AccuWeather’s preliminarily estimate of the total damage and economic loss from the wildfires burning in Hawaii is from $8 billion to 10 billion. The worst of the fires hit the Island of Maui, with the Lahaina area especially hard hit.
Fires also continue to burn on parts of the Big Island.
“This will have a dramatic effect on not only residents, their homes, and their businesses but also a dramatic impact on tourism going forward,” an AccuWeather release states.
This estimate is preliminary, the weather service noted.
Maui’s economy is heavily reliant on tourism, with some estimating it accounts for 75% of the revenue generated on the island. Communications and power infrastructure have also been severely affected by the disaster, leaving thousands without means to contact emergency services or their loved ones.
“The extent of the devastation calls for a long and challenging recovery process that will require the collective efforts of the community and support from authorities,” the AccuWeather release states.
As of Thursday, at least 36 people have died, thousands have been evacuated to shelters, and hundreds of buildings have been destroyed.

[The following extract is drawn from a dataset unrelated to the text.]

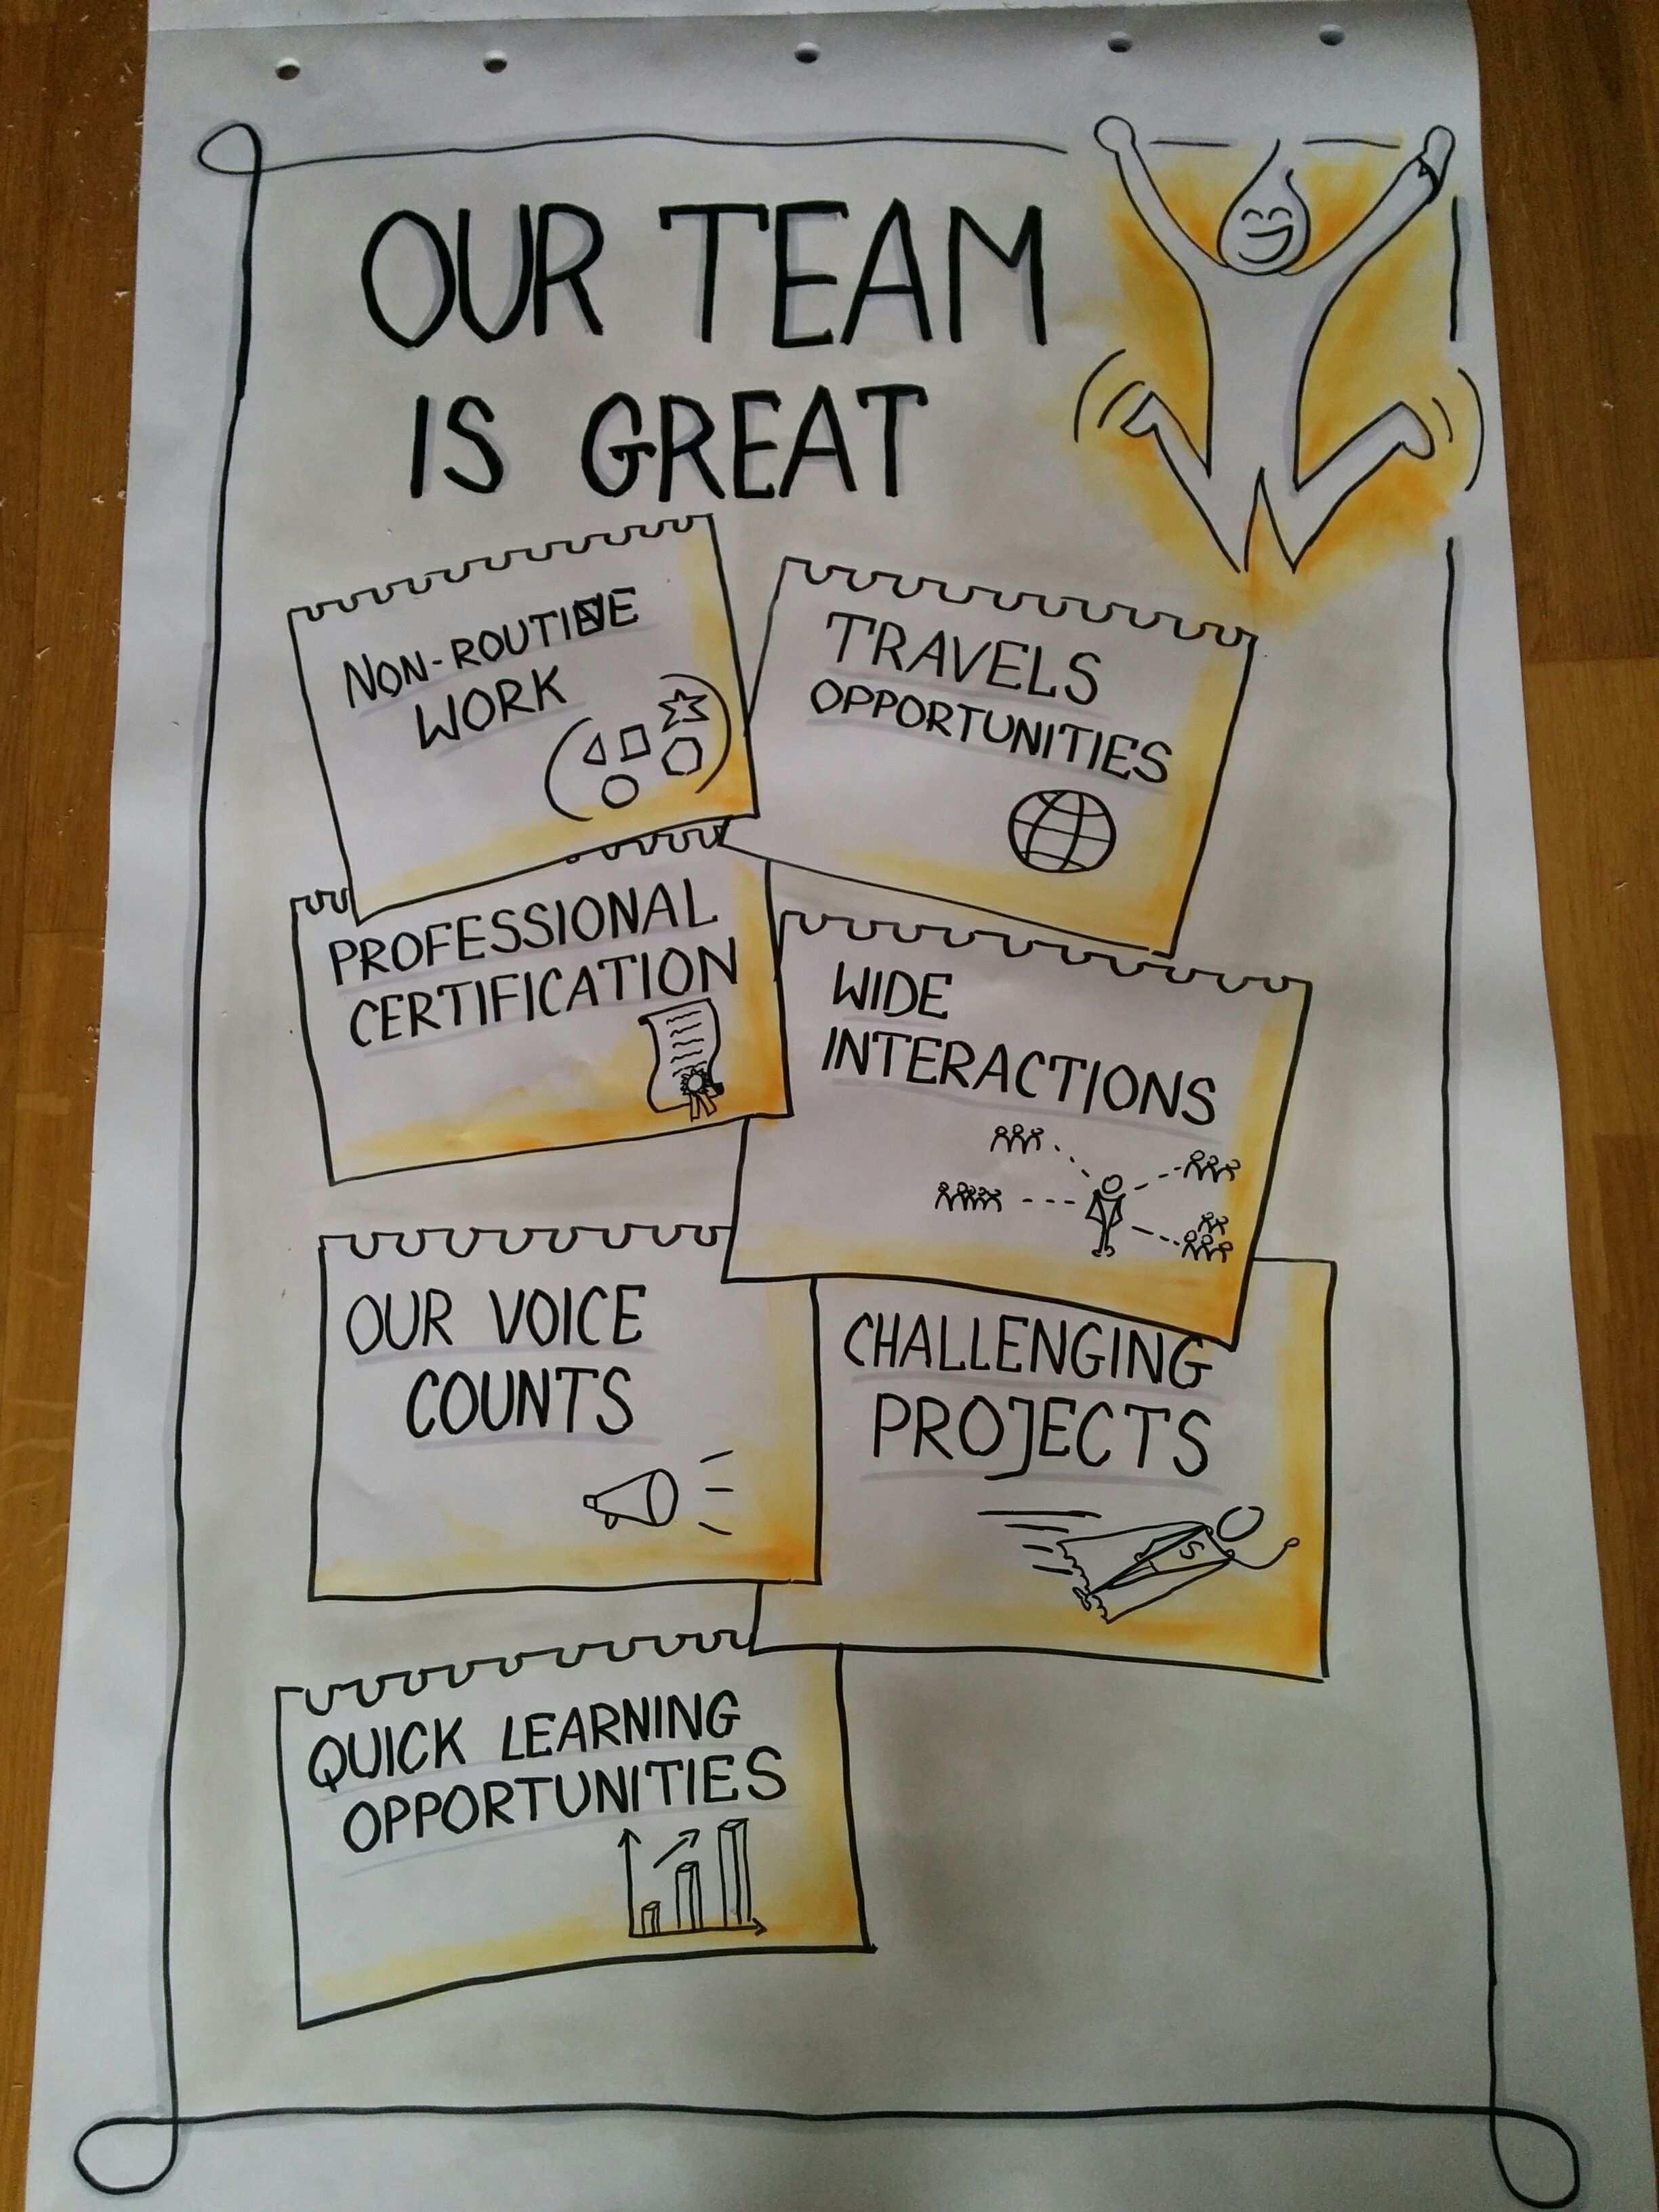 Plakat Uzyty Podczas Dni Otwartych Www Skutecznerysowanie Pl Flipcharty Flipowanie Sketchnoting Myslenie W Flipchart Gestalten Flipchart Plakat Gestalten

AccuWeather’s damage estimate employs independent methods to evaluate direct and indirect impacts of the storm, which includes both insured and uninsured losses, and is based on a variety of sources, statistics, and techniques AccuWeather uses to estimate the damage to property, job and wage losses, crops, infrastructure damage, interruption of the supply chain, auxiliary business losses and flight delays or cancellations.
The estimate also accounts for the costs of evacuations, relocations, emergency management, and the government expenses for cleanup operations, and it includes the long-term effect on business logistics, transportation, tourism as well as the tail health effects and the medical and other expenses of yet unreported deaths and injuries, according to AccuWeather.